Recorded information:
....................
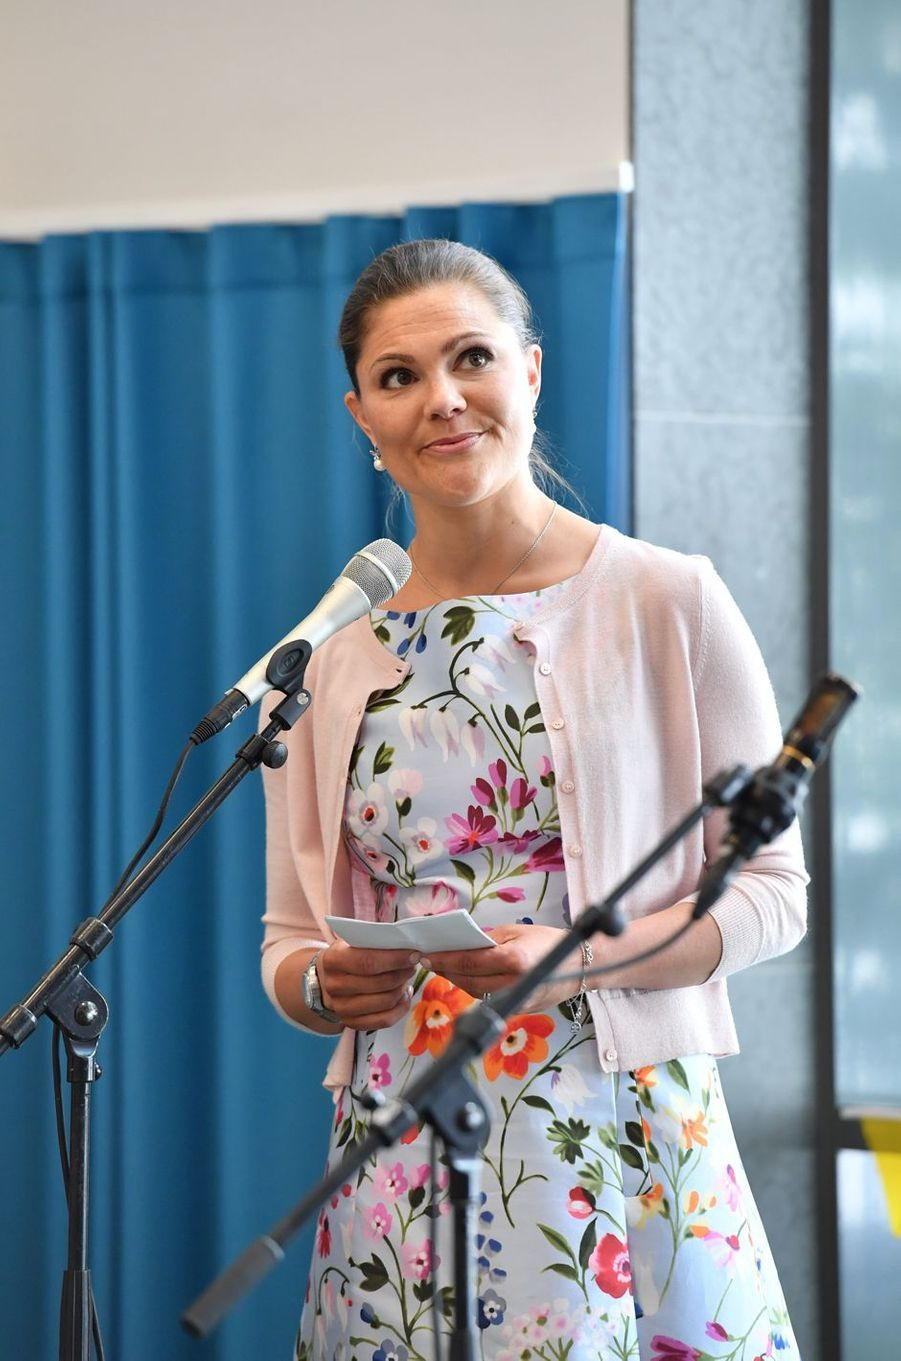 La princesse Victoria de Suède à Nacka, le 6 juin 2016
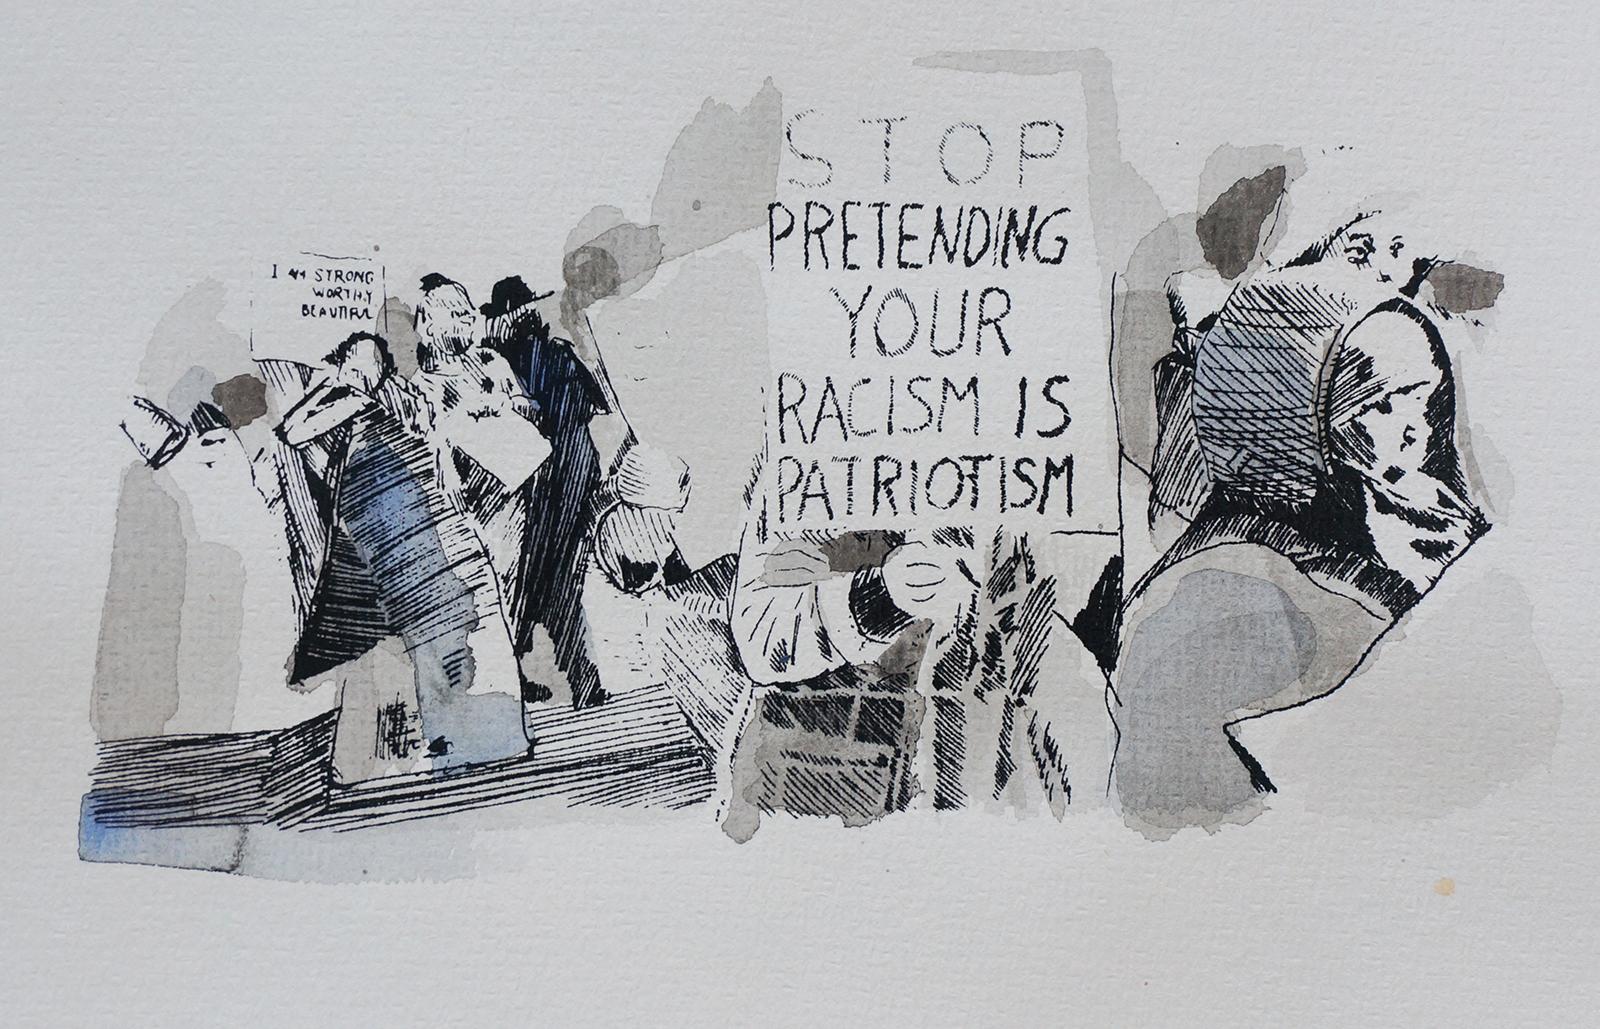 Ape_Bleakney_March Mixed Media - 'Stop Pretending (3)', 6.5''x9.5'', Screen Print + Watercolor, 2018 copy.jpg
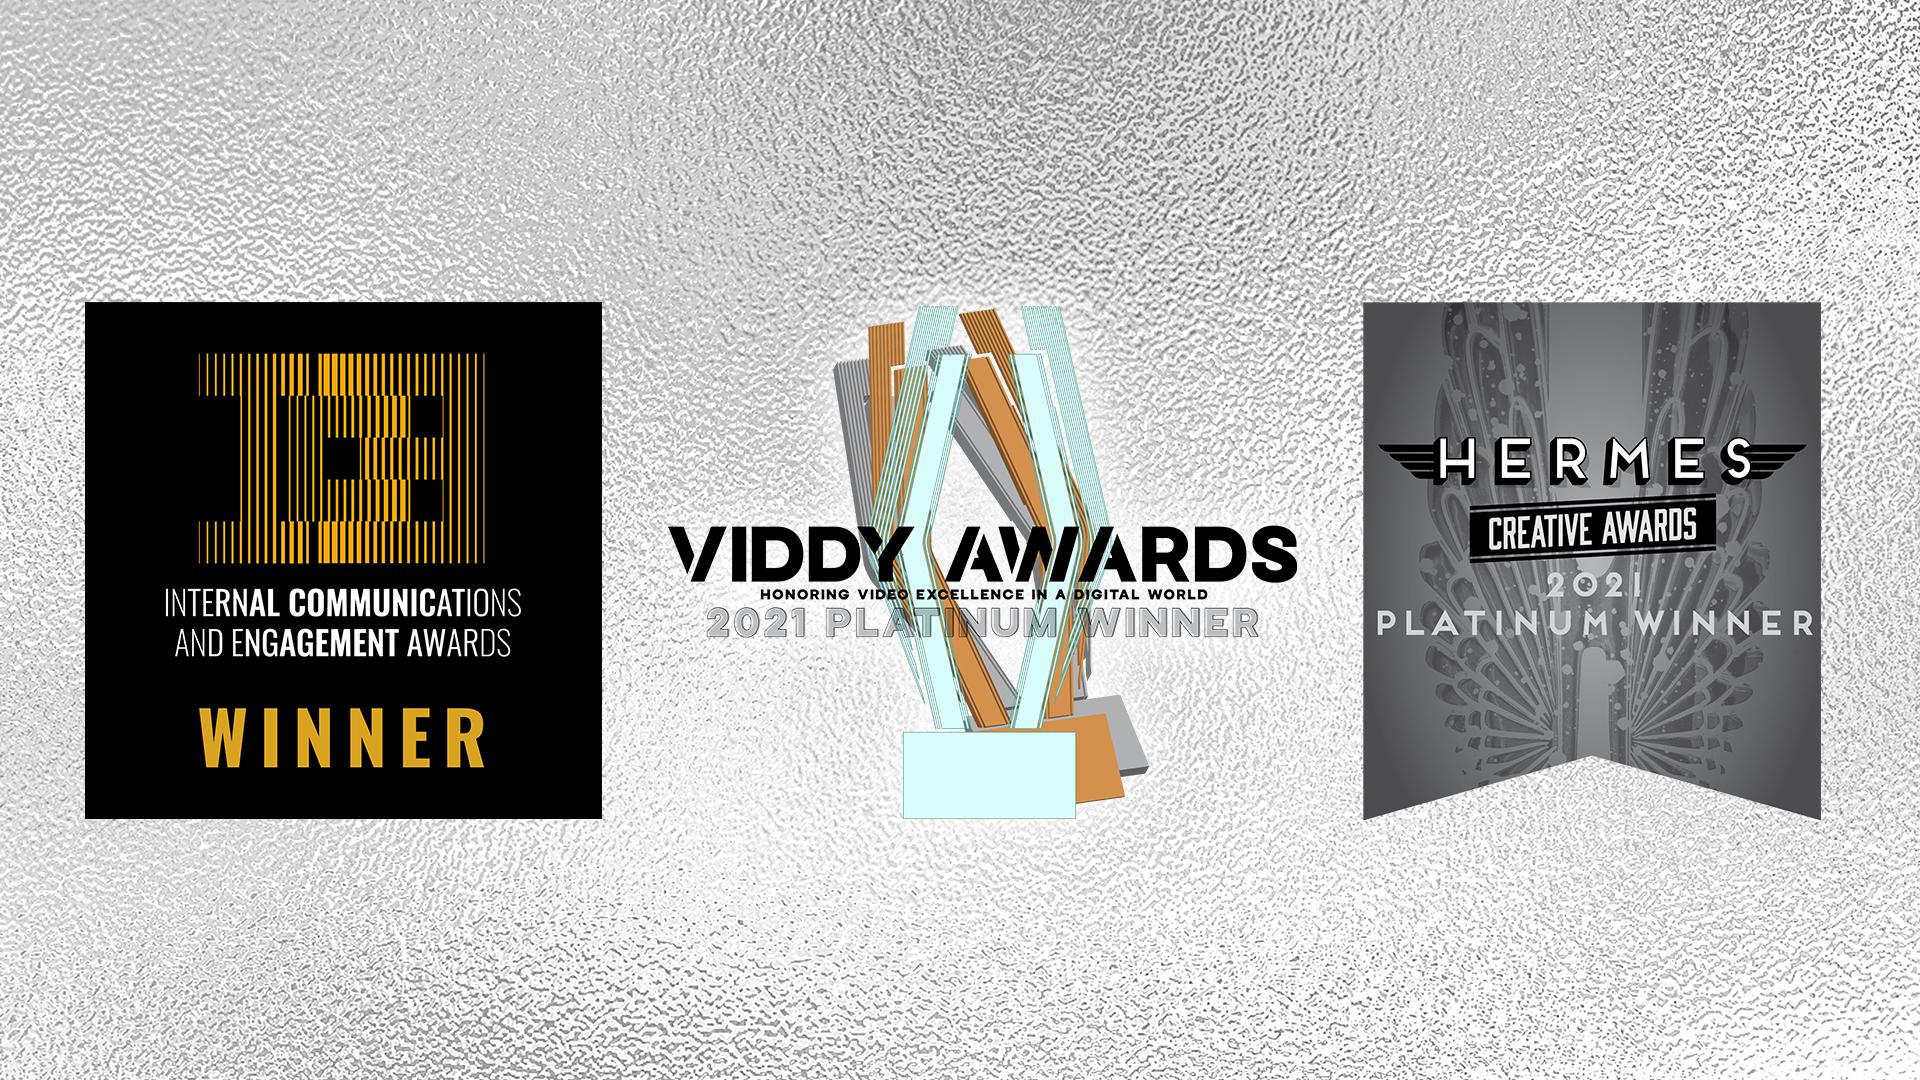 Harleys awards
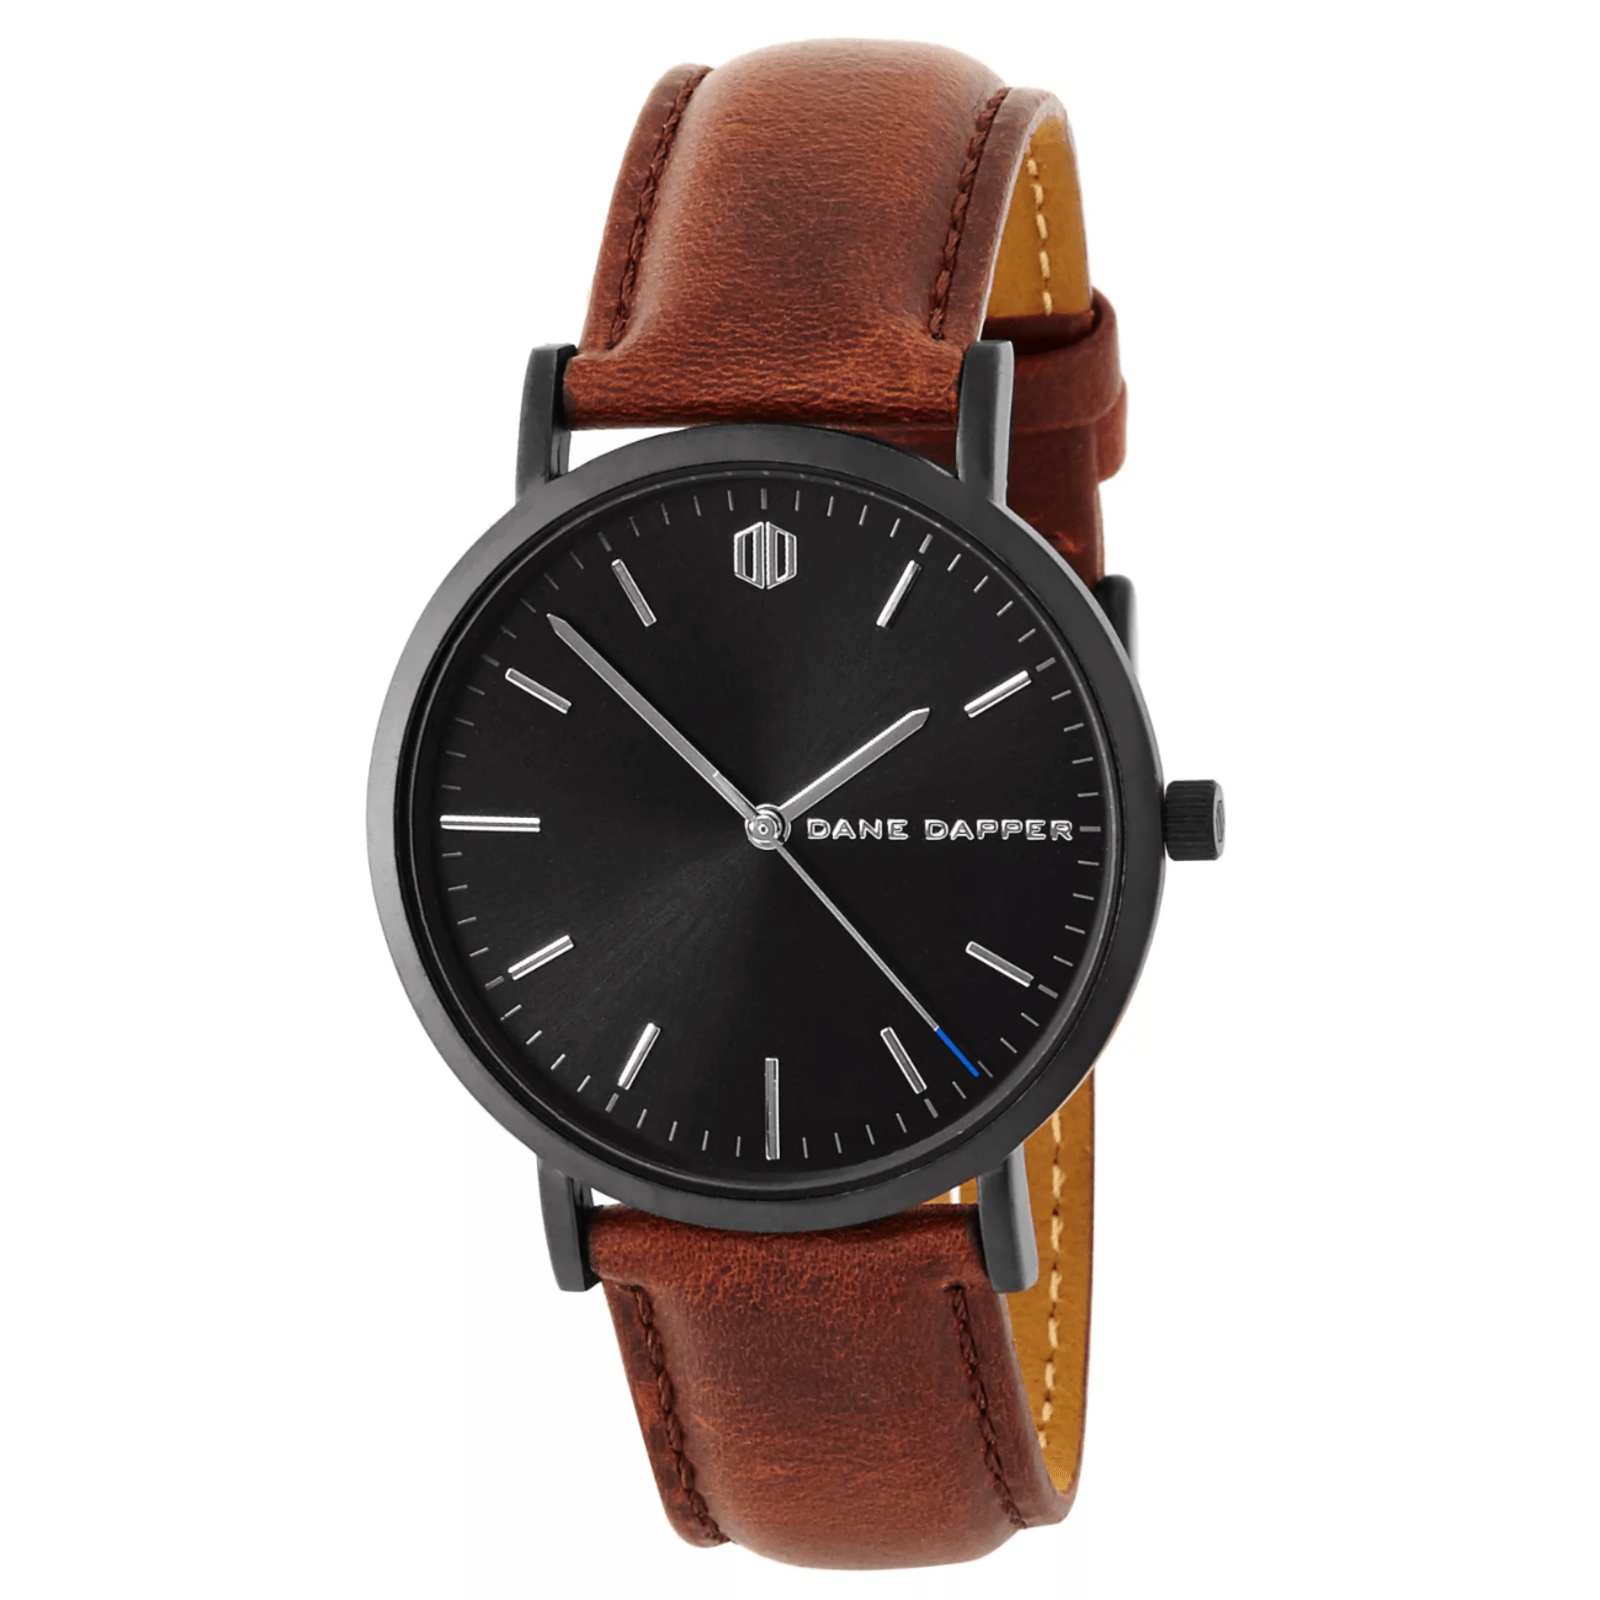 6 Holz Aus Luxus Rotem Armbanduhramp; Uhrenbox Impeccable Uhren Lucas Armband F1lKcJT3
....................
Task directions:
Write out the material above exactly, and omit the pictures it holds.

Solution to the problem:
 La princesse Victoria de Suède à Nacka, le 6 juin 2016
 Ape_Bleakney_March Mixed Media - 'Stop Pretending (3)', 6.5''x9.5'', Screen Print + Watercolor, 2018 copy.jpg
 Harleys awards
 6 Holz Aus Luxus Rotem Armbanduhramp; Uhrenbox Impeccable Uhren Lucas Armband F1lKcJT3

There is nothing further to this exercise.